An advanced degree, it is called. Going beyond, almost all the way in academia. The Masters. When sportscaster on CBS Jim Nantz says those words, it sounds like paradise opened up. One of pro golf’s majors, played on the beautiful, full of spring bloom Augusta National Golf Club course in April.
The Masters degree is one I hold with deep humility. I was never very scholarly, never made Dean’s List, only the honor roll a couple of times. Maybe it was pressure or nerves or barely-tapped-into psychological stuff.
Associate’s degree? Not much to it. I commuted daily from home for twenty-one months.
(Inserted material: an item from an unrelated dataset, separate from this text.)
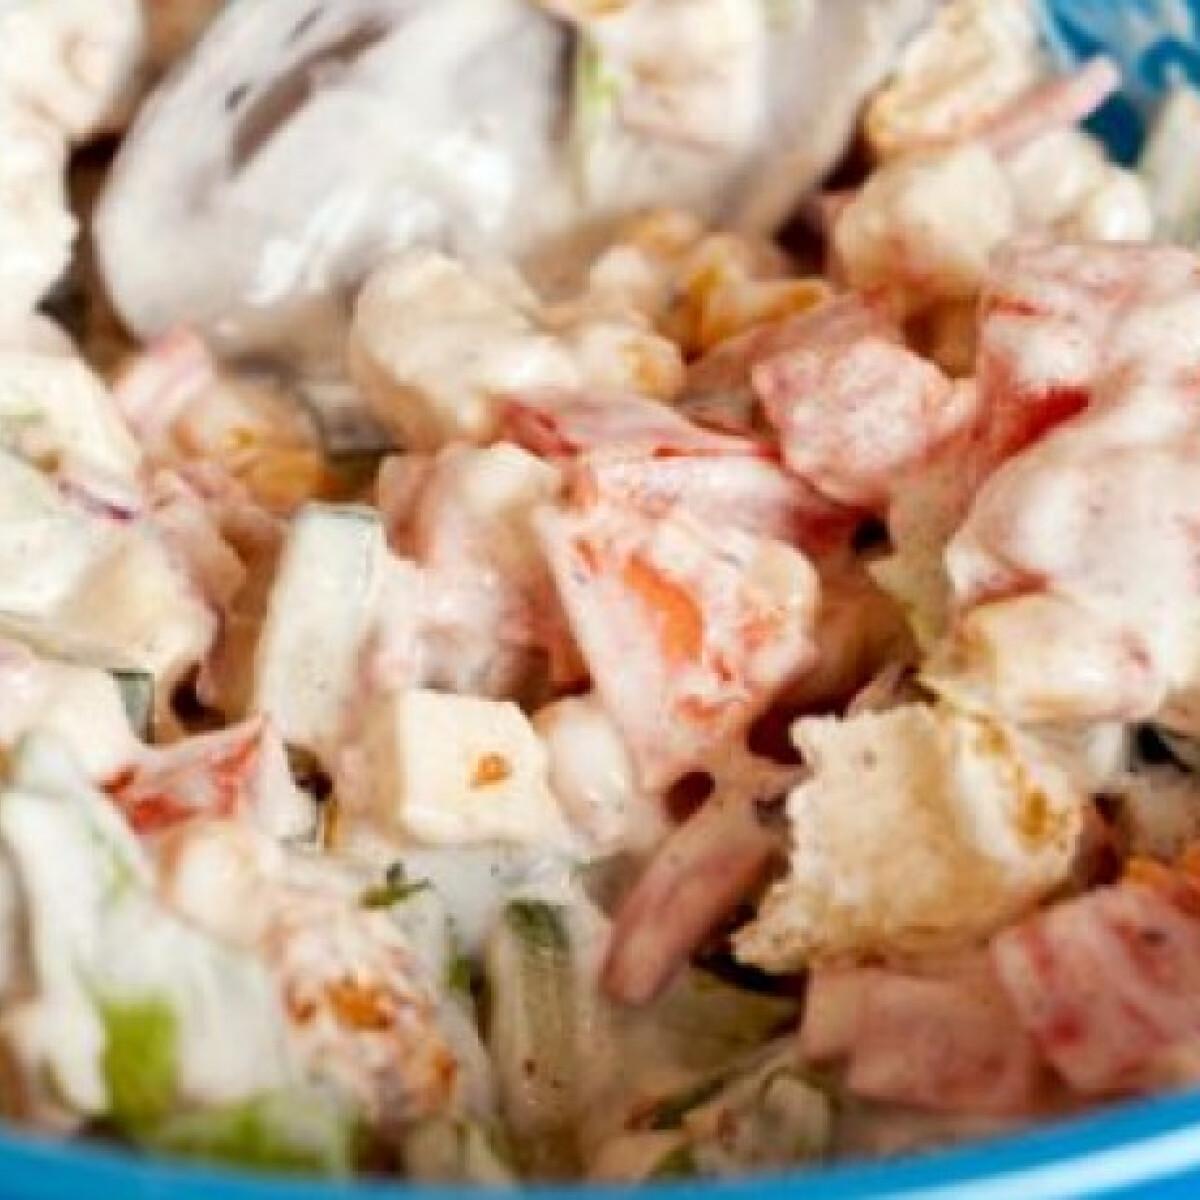 Mozzarellás saláta Szisszi konyhájából

My Bachelor’s was earned through three years of night school.
Master of Divinity, says the title.
Perhaps an achievement more of survival than of brains.
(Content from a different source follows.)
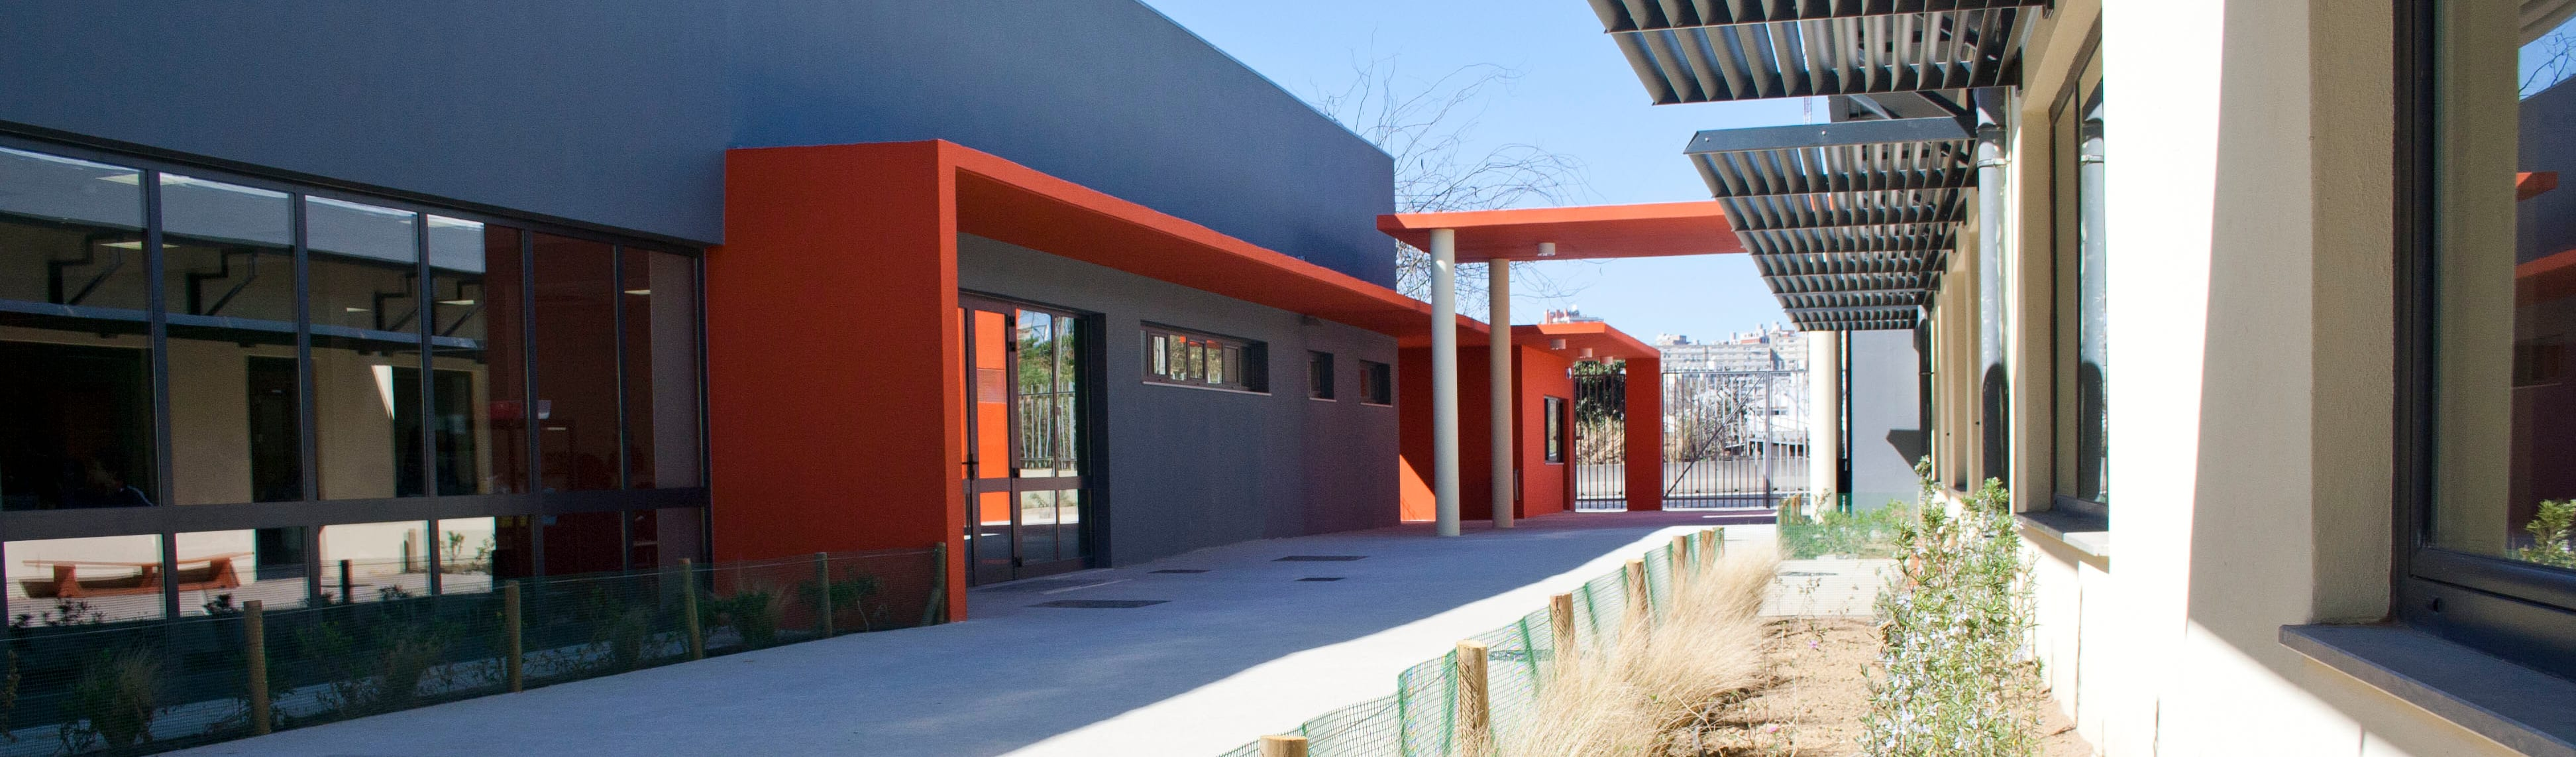 GIMA PROJECTOS—Arquitectura e Engenharia, Lda.

Our Great Teacher showed (shows) us a more excellent way, which is to be a master of living. Jesus worked a carpenter trade, but when he fished for and then shaped men, He became the Master Builder. No room for personal goals or egos. No Pharisaical judgment or Essene isolation. Not the violent approach of the Zealots.
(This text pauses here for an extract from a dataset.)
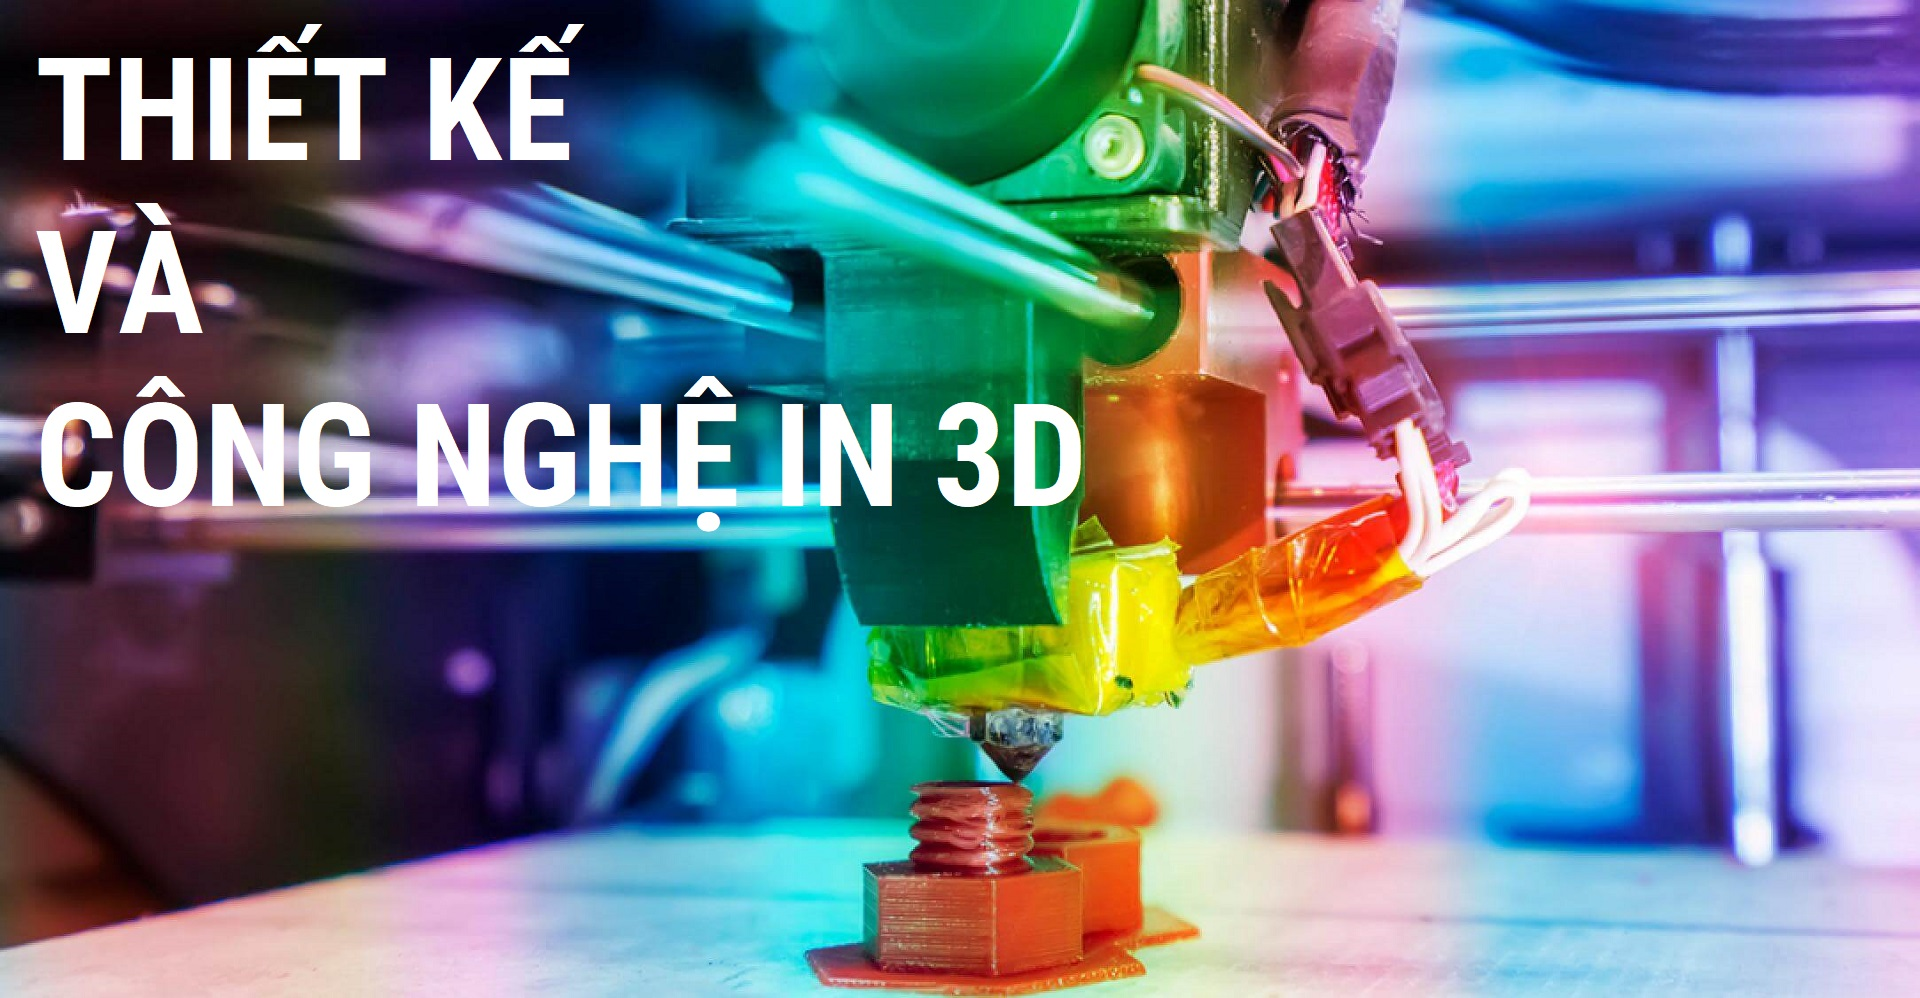 THIẾT KẾ & CÔNG NGHỆ IN 3D

Yes, the Great Teacher. He who puts us in the classroom, the laboratory of life. We are in constant training mode, involving our physical, intelligent, and mental capacities. Lessons taught in confirmation class. The SAT. Myers-Briggs. Seminary approval panel. Spiritual Gifts questionaire. All of it put into practice in the ongoing life experiment of trying, failing, then succeeding. All by God’s grace.
Whether it’s the SAT, seminary approval panel, or Myers-Briggs, or spiritual gifts questionaire. God will continue molding us, unconditionally loving us,and, when we one day die in faith, we will become Masters of Living.